Red Riding Hood (Blu-ray)

January 28, 2012 7 Min Read

Review by: Matt Brighton

Plot: What’s it about?

I’ve often said that new movies come in one of three genres: a re-make of an old TV show or movie, adapted from a comic book or graphic novel and then you’ve got the bona fide films out there. “Red Riding Hood” falls into the second of these two genres in that it’s a story we all know, but it’s really been more of a fairy tale as opposed to something that’s stood on their own. Now we all know the story of little Red Riding Hood on her way to grandmother’s house and the big bad wolf, etc. This version is a bit modernized and with director Catherine Hardwicke attached, there was no telling how this would fare. Hardwicke is still riding high from her “Twilight” days and I’m sure it was easy for her to name her next project. Amanda Seyfried and Gary Oldman are certainly two of my favorites, but could it all work here? Let’s find out.

We meet Valerie (Amanda Seyfried) as she’s set to run away with childhood crush Peter (Shiloh Fernandez) which would work out fine and good, but Valerie’s sister is killed by what the locals think is a werewolf. The locals get together in a mob of some sort, complete with pitchforks (this is right out of “The Simpson’s” by the way) all set to go kill the werewolf. Well, a wolf they catch but unless this movie is 20 minutes long, we know it ain’t over. Then arrives Father Solomon (Gary Oldman) who tells the villagers what’s really going on and that only he can save the day. Naturally we know that Solomon is a master at what he does with his locks flowing and scary entourage. But it’s Valerie that shares the emotional connection with the “Big Bad Wolf.” Who’s going to win: the village or the wolf? Hmmm…

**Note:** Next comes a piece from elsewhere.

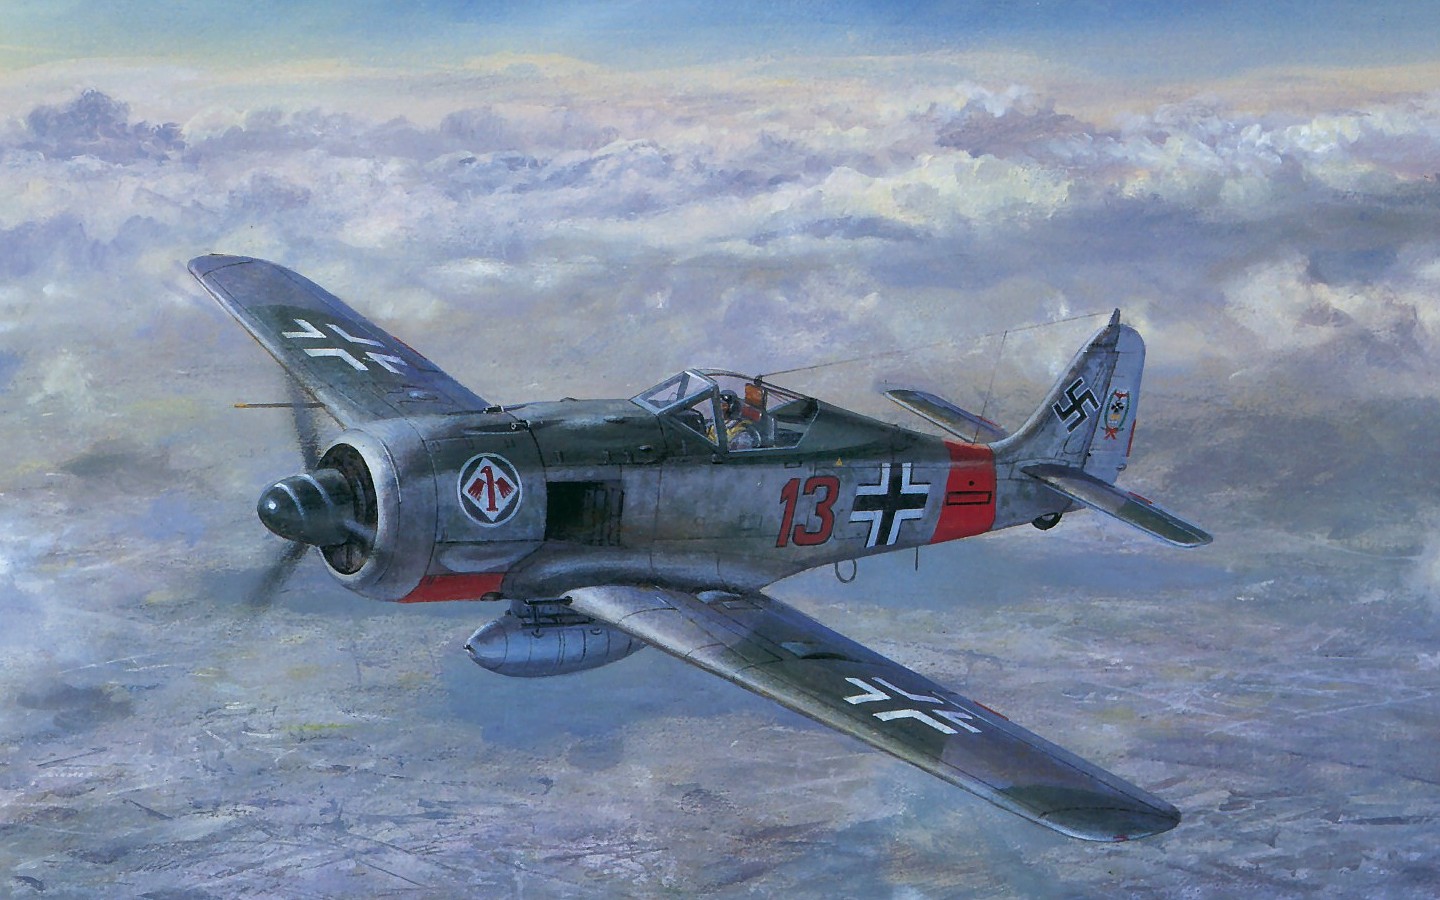 Télécharger des fonds d'écran Focke Wulf Fw 190 HD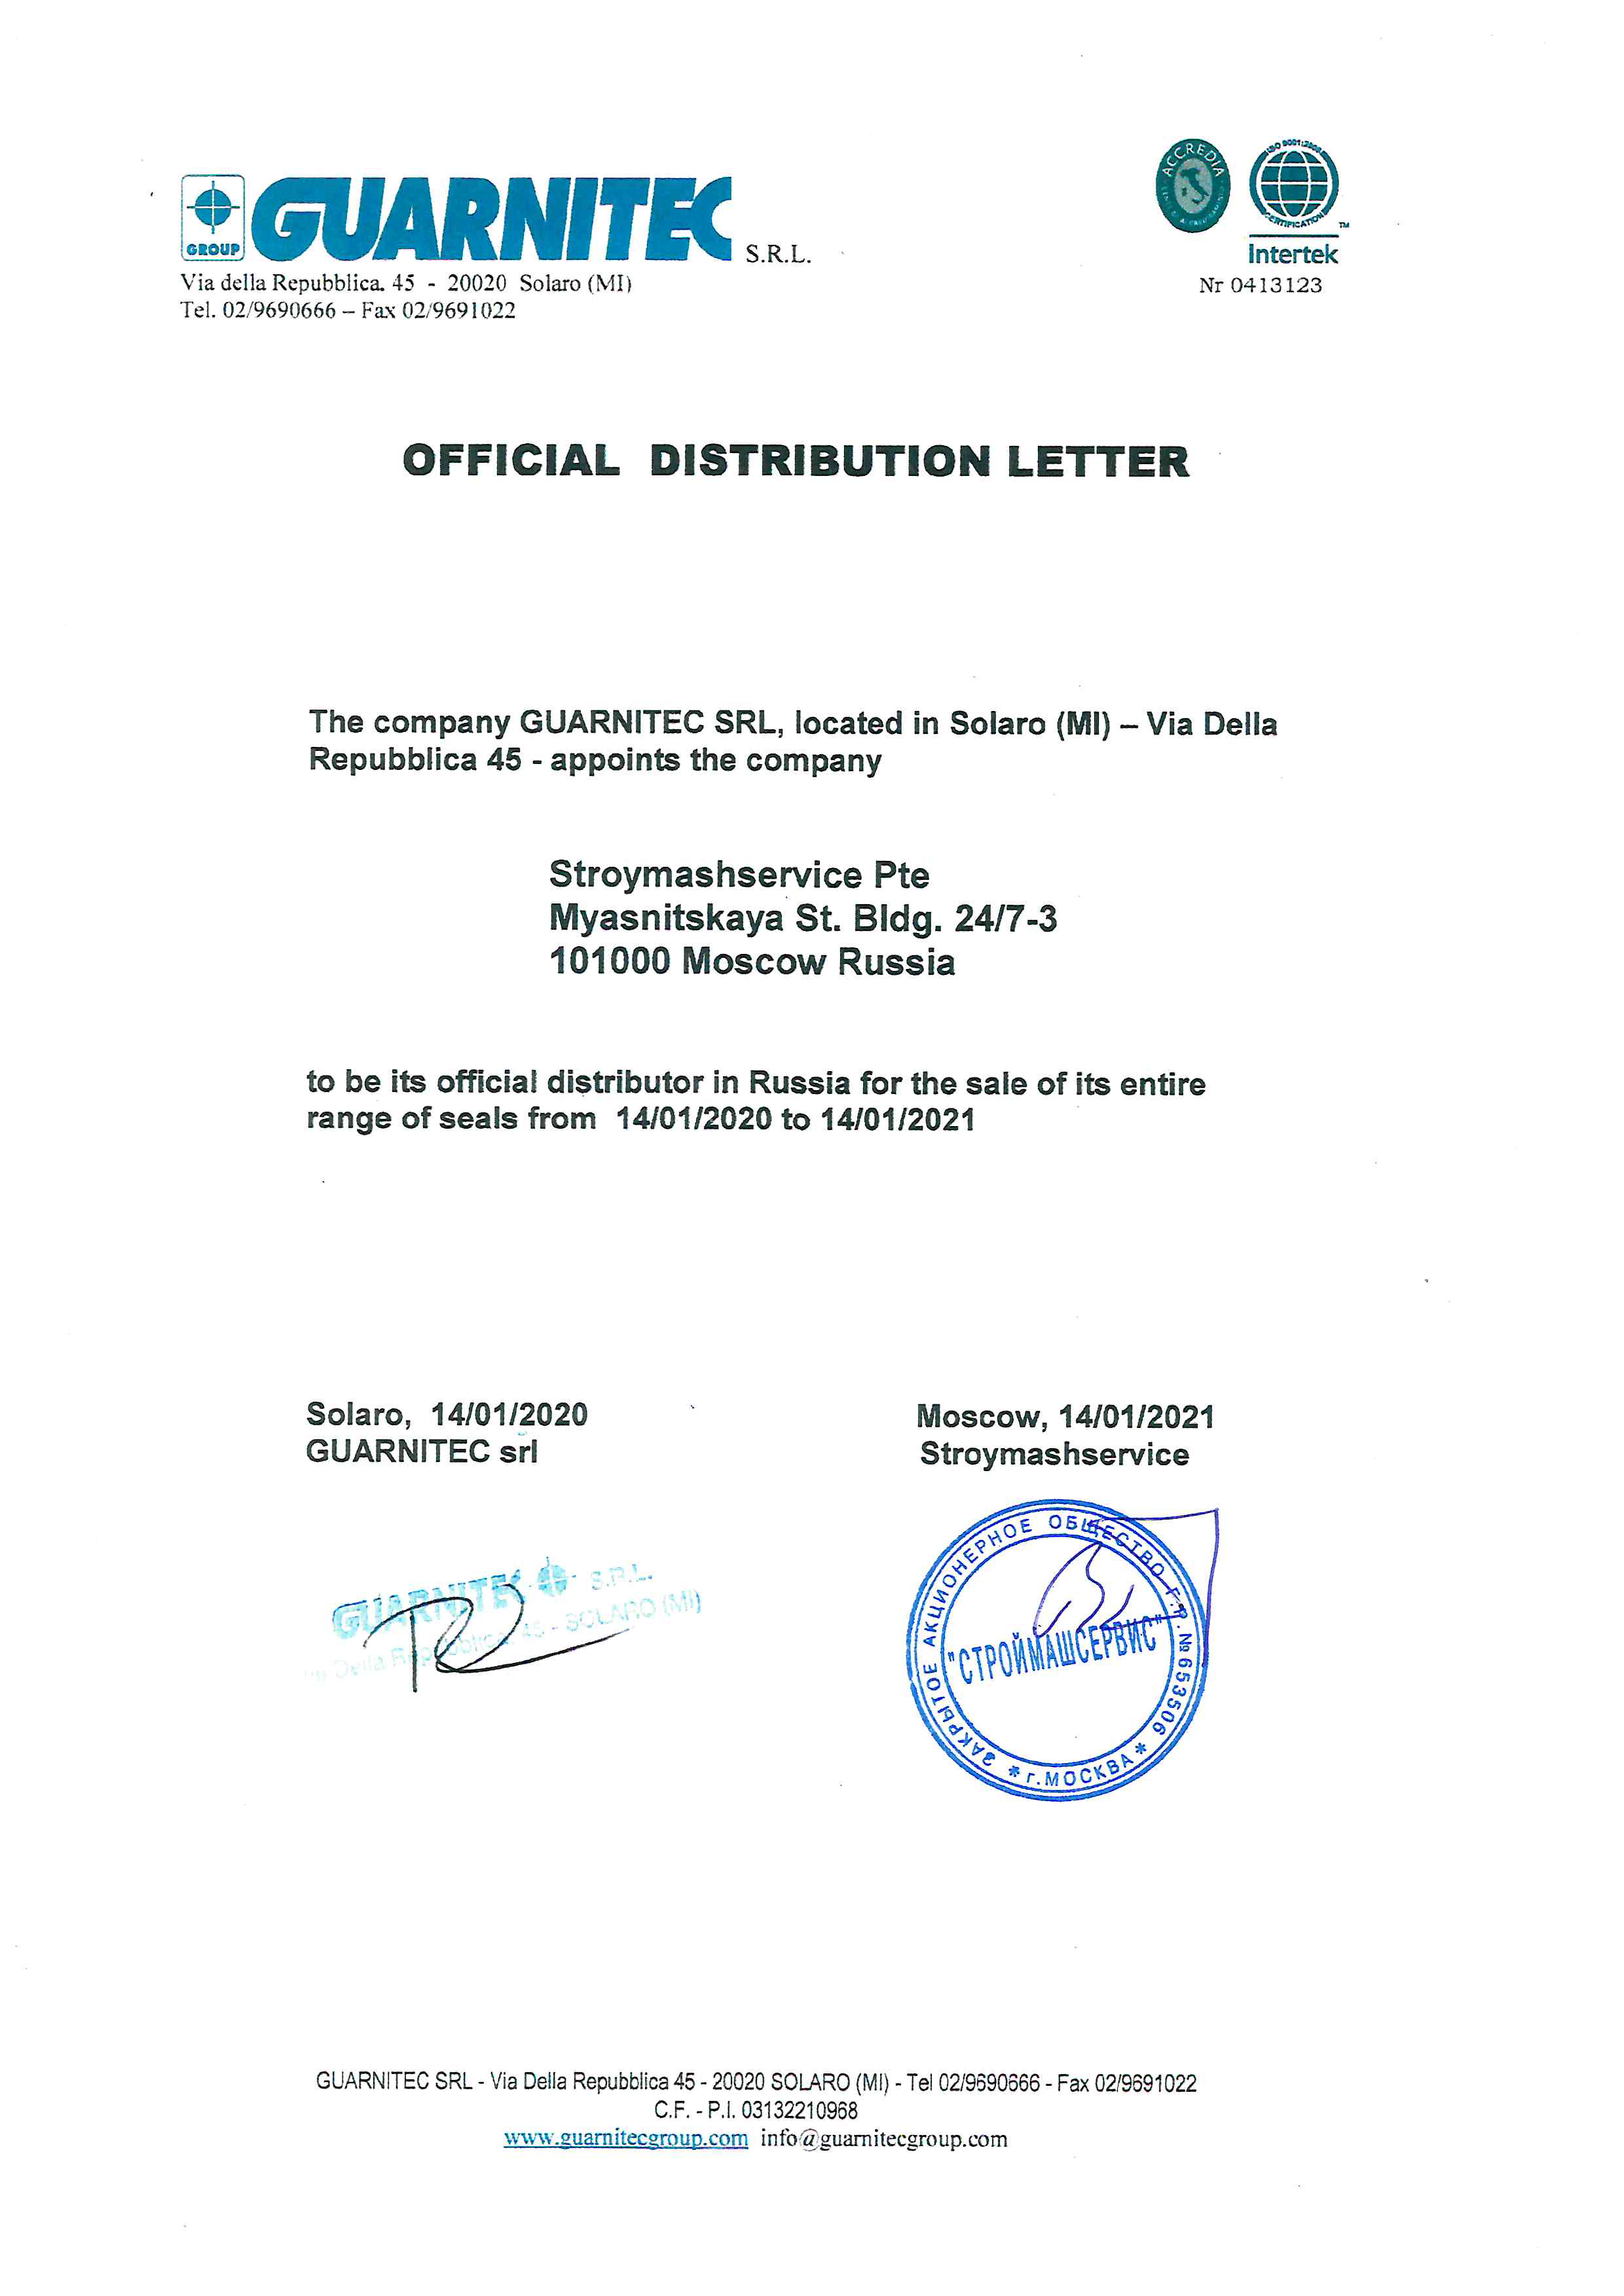 Сертификат дистрибьютора GUARNITEC

“Red Riding Hood” was critically panned when it arrived earlier this spring, but I’m always one for giving movies a chance. I mean, there’s got to be some artistic value there, right? There’s not much. Despite being fairly cheesy and predictable, the movie just seemed to be a series of scenes loosely stitched together as opposed to a fluid plot. As I mentioned before, I’m always a big fan of both Gary Oldman and Amanda Seyfried, but both somewhat fall flat here. I’m constantly amazed at how much of a chameleon Oldman is – looking so different from role to role. However even sporting his “Sirius Black” look didn’t really save him here. Certainly there’s a bit of style here with the shots, but even they seemed somewhat forced. “Red Riding Hood” is one that you probably should pass on and one that I wish I did as well.

Video: How does it look?

If you can separate yourself from the plot (or lack thereof), then you’ll see that “Red Riding Hood” looks pretty darn good in its 2.40:1 AVC HD transfer. This new to Blu-ray film sports some pretty breathtaking visuals due in no small part to the CGI. Detail is amazing, showing the tiniest bit of grain. Seyfried’s big eyes are noticeable and her porcelain skin appears as if you could reach out and touch it. This is a darker movie, so there are a number of scenes at night. Black levels are strong and consistent and contrast is fine as well. There are a few stark scenes that seem a bit blown out, but by and large this is one fine-looking disc.

Audio: How does it sound?

The included DTS HD Master Audio soundtrack does a fine job here, with a very instrumental score that carries the film throughout. As we might expect, there are plenty of opportunities for the LFE to shine and both the front and rear speakers get involved in the action. The wolf certainly has an audio presence and does add a bit of intensity to some of the scenes. Dialogue, if you don’t actually listen to the words, sounds full and rich as well. This is a very robust track that is indicative of the genre and a fine asset on Blu-ray.

Supplements: What are the extras?

The Blu-ray reviwed here is the Combo pack with a DVD of the film as well as a Digital Copy. We also get the “Unrated” cut which is about a minute more of footage. We do get a picture-in-picture commentary track with Hardwicke, Seyfried, Fernandez and more. Hardwicke and Seyfried lead the way, but we don’t get a lot of technical information about the shoot and so forth. This one is for hard core fans only. “Behind the Story” features a bevy of featurettes about the making of the film. We get a look at the score as well as “Red’s Men”, a featurette about the male protagonists of the film. We do get a very interesting look at the CGI process in “Before the Fur…Making the CGI Wolf” in which we see the process of making this creature come to life. We get a look at some casting tapes, some deleted scenes, outtakes and a few music videos. Ironically enough we get “Red Riding Hood in 73 Seconds” which is a much better version of the film. And it saves you a couple hours as well.